At Holobiome, we’ve created a strain bank of one of the most diverse, and ever-expanding, collections of human gut bacteria in the world. Now we’re taking large panels of these bacteria, rolling up our sleeves, and screening them in gold-standard drug assays to figure out which bacteria influence what aspects of host biology, and how they do it. We’ve also built some technology internally to help us explore complex communities, like a gut simulator, we can we use to study if our bacteria can “work” in the microbiome of diverse people.

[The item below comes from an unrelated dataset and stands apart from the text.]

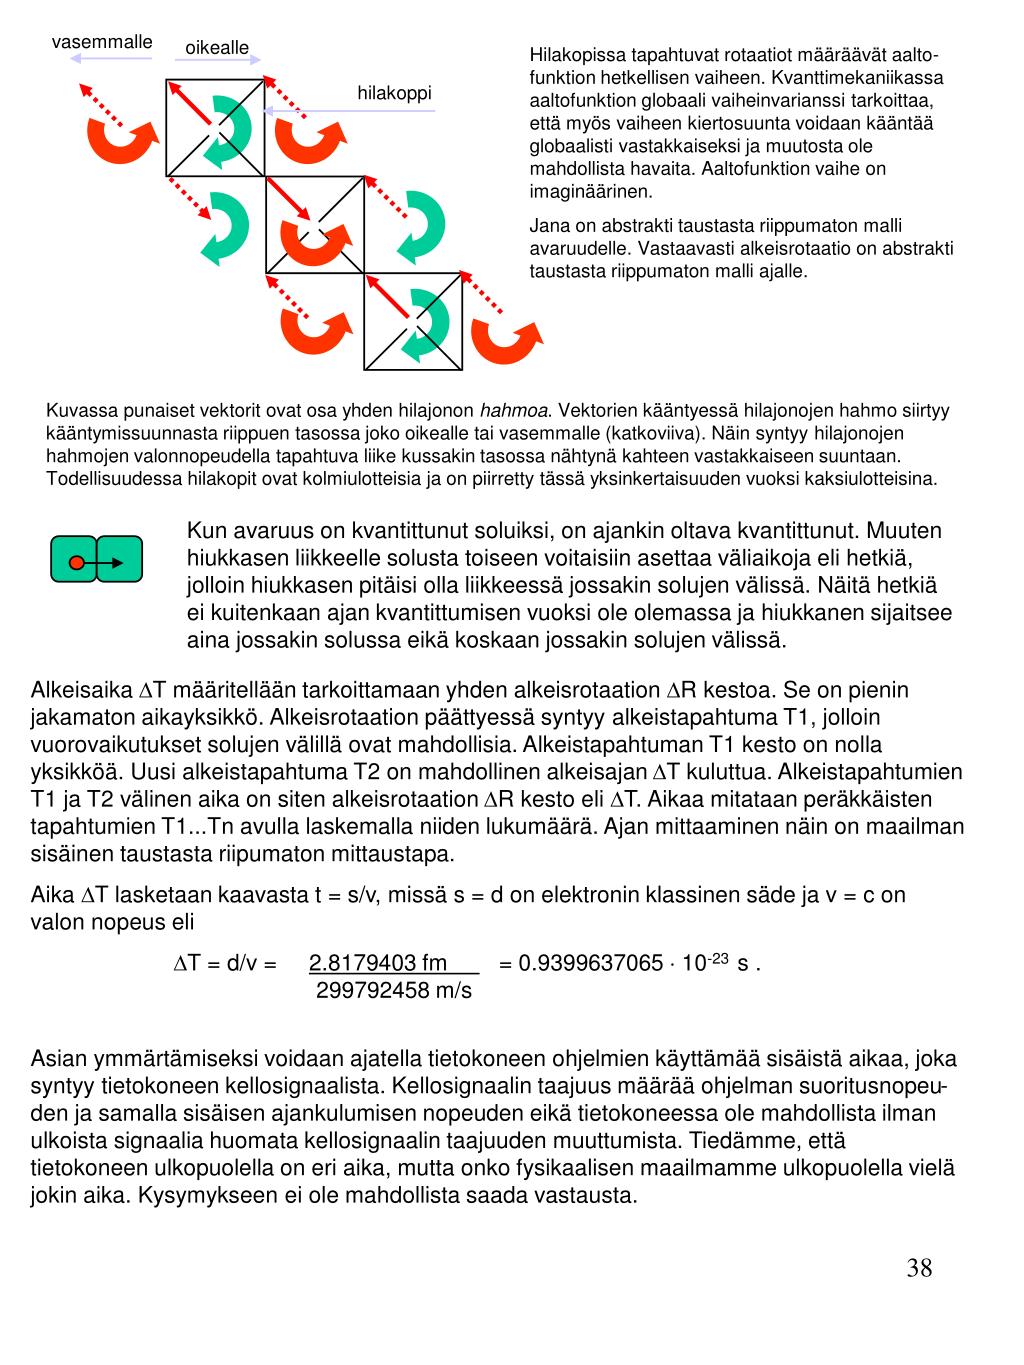 PPT - D-teoria Uusi kvanttimekaniikan tulkinta perustuen kvantittuneeseen  avaruuteen ja aikaan &amp; PowerPoint Presentation - ID:4811252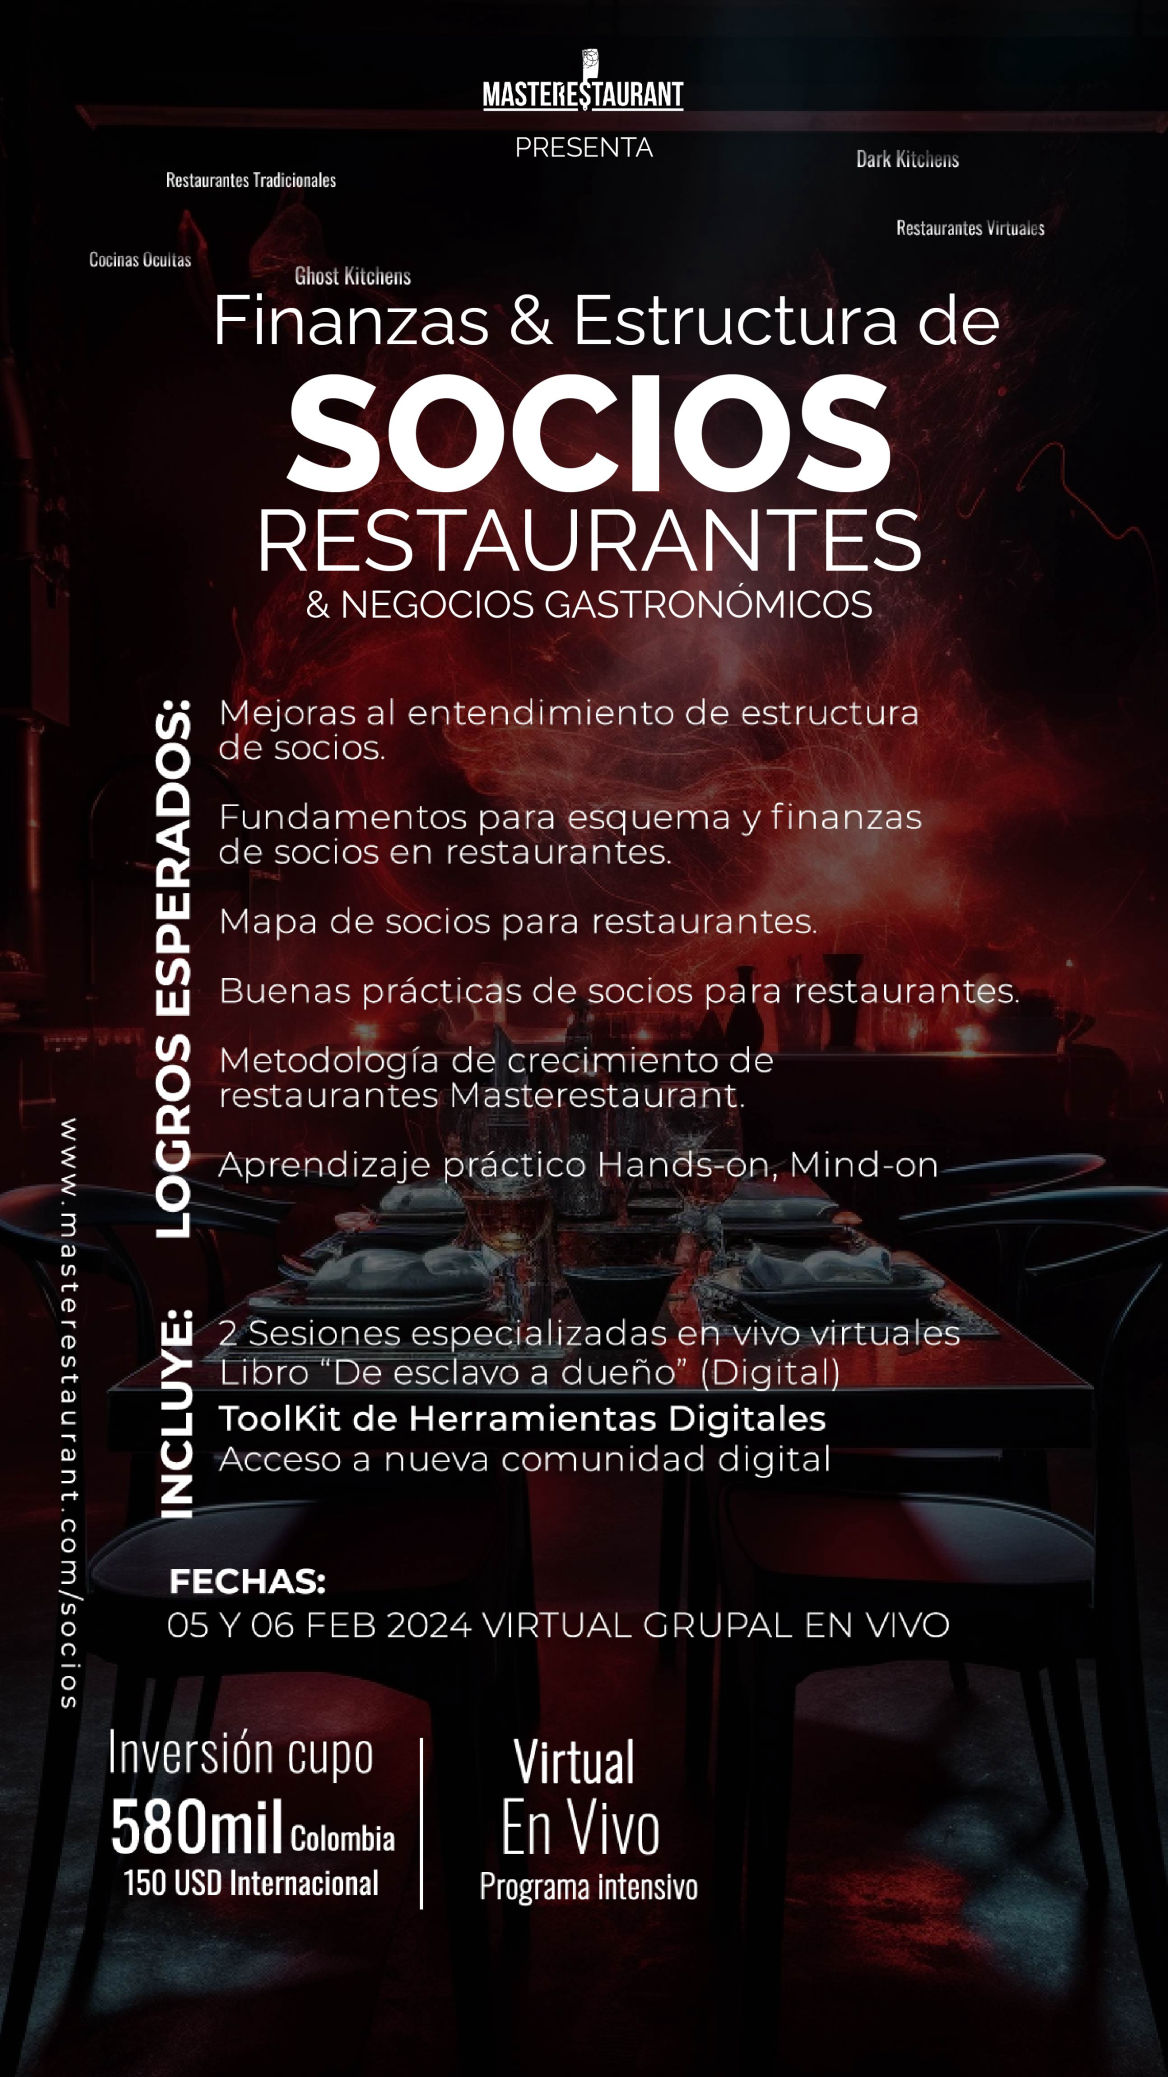 Programa gerencial intensivo de Costos sin Excel para restaurantes, dark kitchens, negocios gastronómicos masterestaurant (master restaurant)

From a commercialization perspective, we are collaborating with a large neuroscience pharma company on treating pain, as well as Unilever in the food space to improve stress. Our goal there is to get the right “plants” to the partners, and work together to co-develop them. Then internally we are looking at a single strain of human gut bacteria that looks like it has real promise for wellness, specifically for low mood.
SN: What do the timelines look like on those projects?
PS: In that internal program for low mood, we’re developing a consumer-facing probiotic, and next year we will run a 108-person placebo-controlled trial. If the data looks promising then we would look to find a large corporate partner for commercial development. After likely one more trial you would be looking at potentially having access to it in society within 18 to 24 months. Then in our collaboration with Unilever, they are fully funding a trial for us that reads out at the end of this year. We’re hoping to have two completed trials within the next 18 months or so, with the potential to see something in the market in 24 months.
SN: Any closing thoughts?
PS: When we look at neuro-related disorders—and there’s such a huge need there—we see two streams of possibility that could use investment and research. The preclinical data is screaming at us that microbes interact with the same biology that we’re trying to drug. And beyond that, we also see bacteria producing those same drugs. A few weeks ago, a paper was published showing that bacteria can directly produce braxanolone, which is Sage Therapeutics’ drug for postpartum depression. And that function is elevated in people who are pregnant.
SN: Oh, no way!
PS: Yeah. Super interesting stuff, right? Actually, the lead author of that paper has joined us as a scientist.
Philip Strandwitz is CEO and co-founder of Holobiome, a Satori Neuro portfolio company.